In the early 1980's, ANU Alumnus Alan Harvey was diagnosed with Common Variable Immune Deficiency (CVID). CVID is a rare disease that leaves your body defenceless against infections due to an inability to develop and mature cells in the immune system. After 10 years of successful treatment Harvey was diagnosed with Crohn's disease. Unfortunately, this resulted in a steady physical decline, which culminated in his passing in 2009. As a memorial to Alan's courage, strength, perseverance and achievement, his family, friends and colleagues established the Alan Harvey CVID Research Endowment. The Endowment was established to support research into CVID, to better understand the disease and to develop prevention techniques and treatments. Now three years later I look back at what this support has achieved and what the future holds for CVID research at ANU.

In a busy café nestled in the state-of-the-art John Curtin School of Medical Research building I sit with Dr Matthew Cook, one of the chief researchers working on the CVID research project. Splitting his time between The Canberra Hospital, where he is the Director of Immunology and Translational Research, and his research at ANU, Matthew is keen to get started explaining that this project "is one of the most exciting things I've done for a while." CVID is a rare disease - in the world of medical research that means it doesn't get a lot of attention. But this doesn't matter to Matthew who says, "if you are a patient it doesn't make a difference if you have a rare disease or a common disease - either way you want it solved. If we can find a solution it will make such a huge difference to patients' lives." In addition, the research will contribute to scientists' understanding of immunity in general. Findings from this research could help researchers' who are looking into other immune-mediated diseases, including Lupus, Type 1 Diabetes and Rheumatoid Arthritis.
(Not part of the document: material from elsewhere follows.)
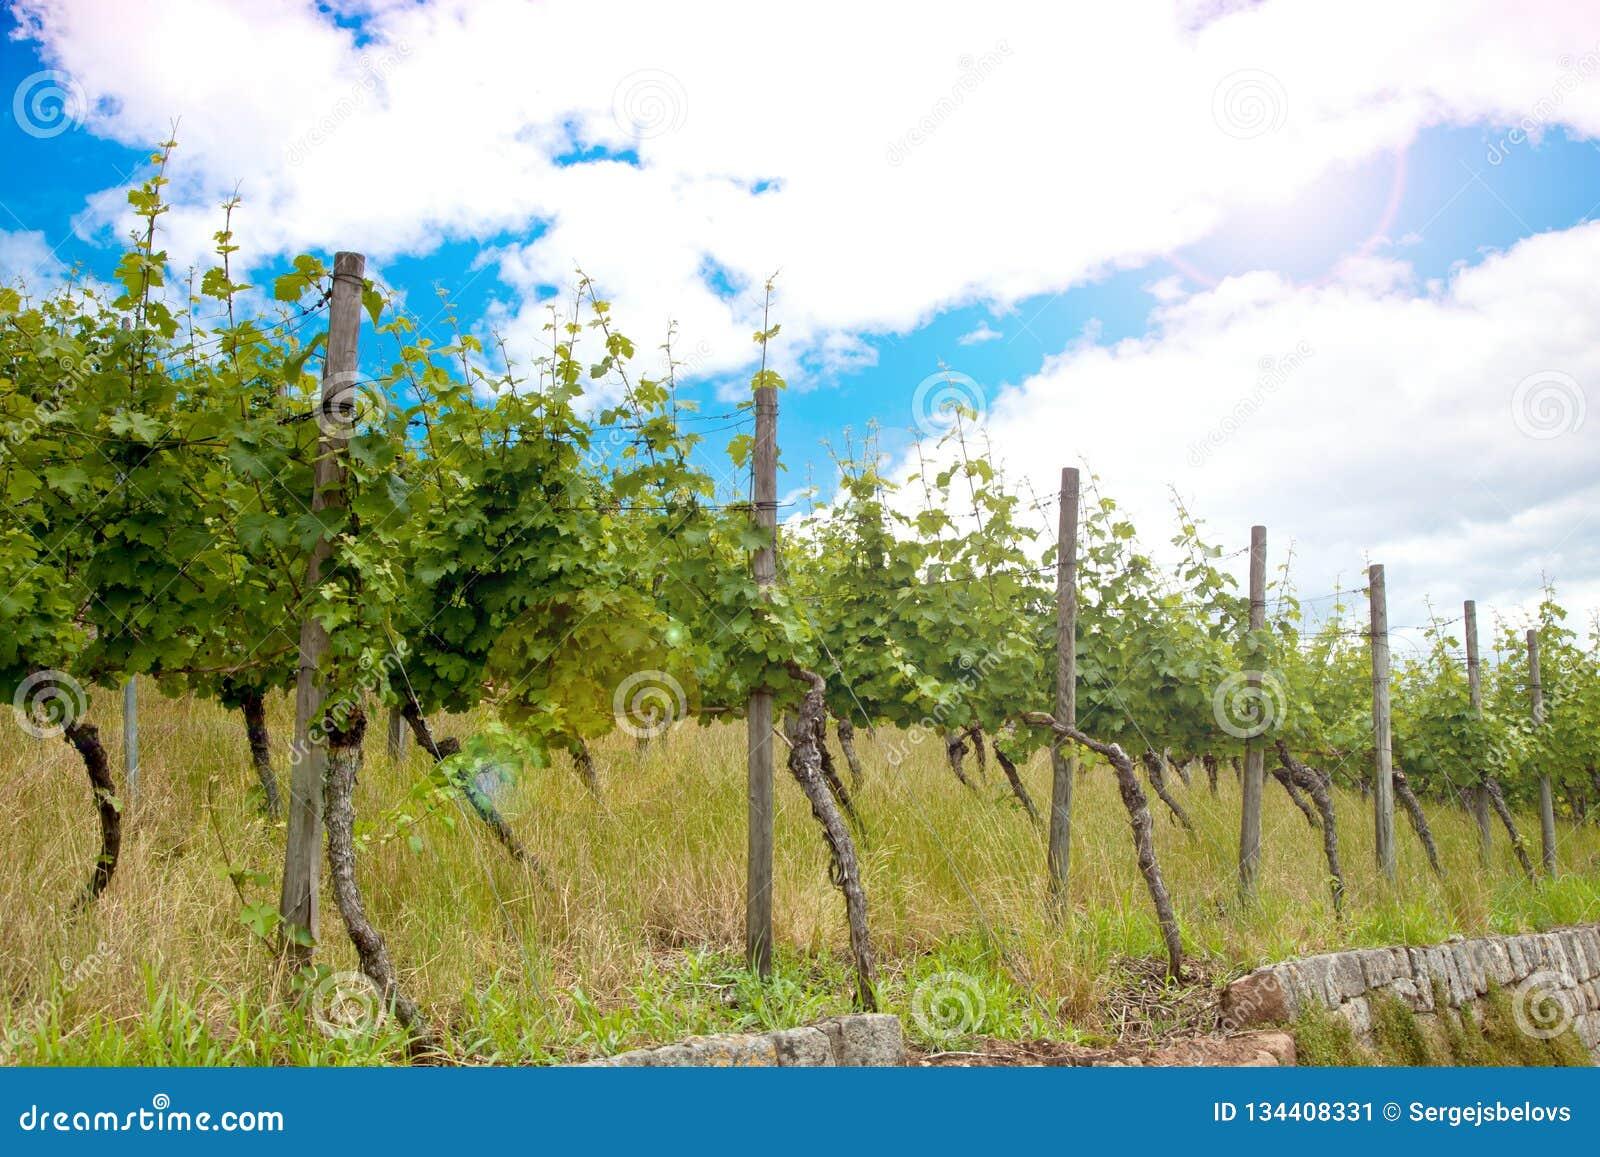 Wijngaard en wijnstokken in de vroege zomer, koninklijke wijngaard

Getting down to the basics of the disease, Matthew explains that "CVID is a failure of antibody production so your body can't mount an appropriate defence against infections. The main manifestation of the disease is recurrent infections." These infections usually occur in the ears, sinuses, nose and lungs. Although people who don't have CVID can also suffer from these infections, the difference in people with CVID is that the infections are unusually recurrent, prolonged, severe or resistant to normal treatment. To combat the effects of the disease patients can undergo regular Plasma Replacement Therapy, the replacement of a patient's plasma (the liquid in which blood cells are suspended in the body) with plasma from a donor, which restores antibody levels and protects from infections. Matthew says "if caught early, Plasma Replacement Therapy is often very effective and can give a patient the ability to live a relatively normal life. However, because it's a rare condition there is often a long lead time between the first manifestation and diagnosis." As a result, sufferers can have recurrent infections like pneumonia which can leave permanent lung damage often leading to premature death.

While the ideal result of the research would be to find a more specific way to treat CVID, the first step is to establish better ways of diagnosing patients so that early detection (or hopefully detection before the first onset of symptoms) can take place - the solution to which is believed to lie in the genes.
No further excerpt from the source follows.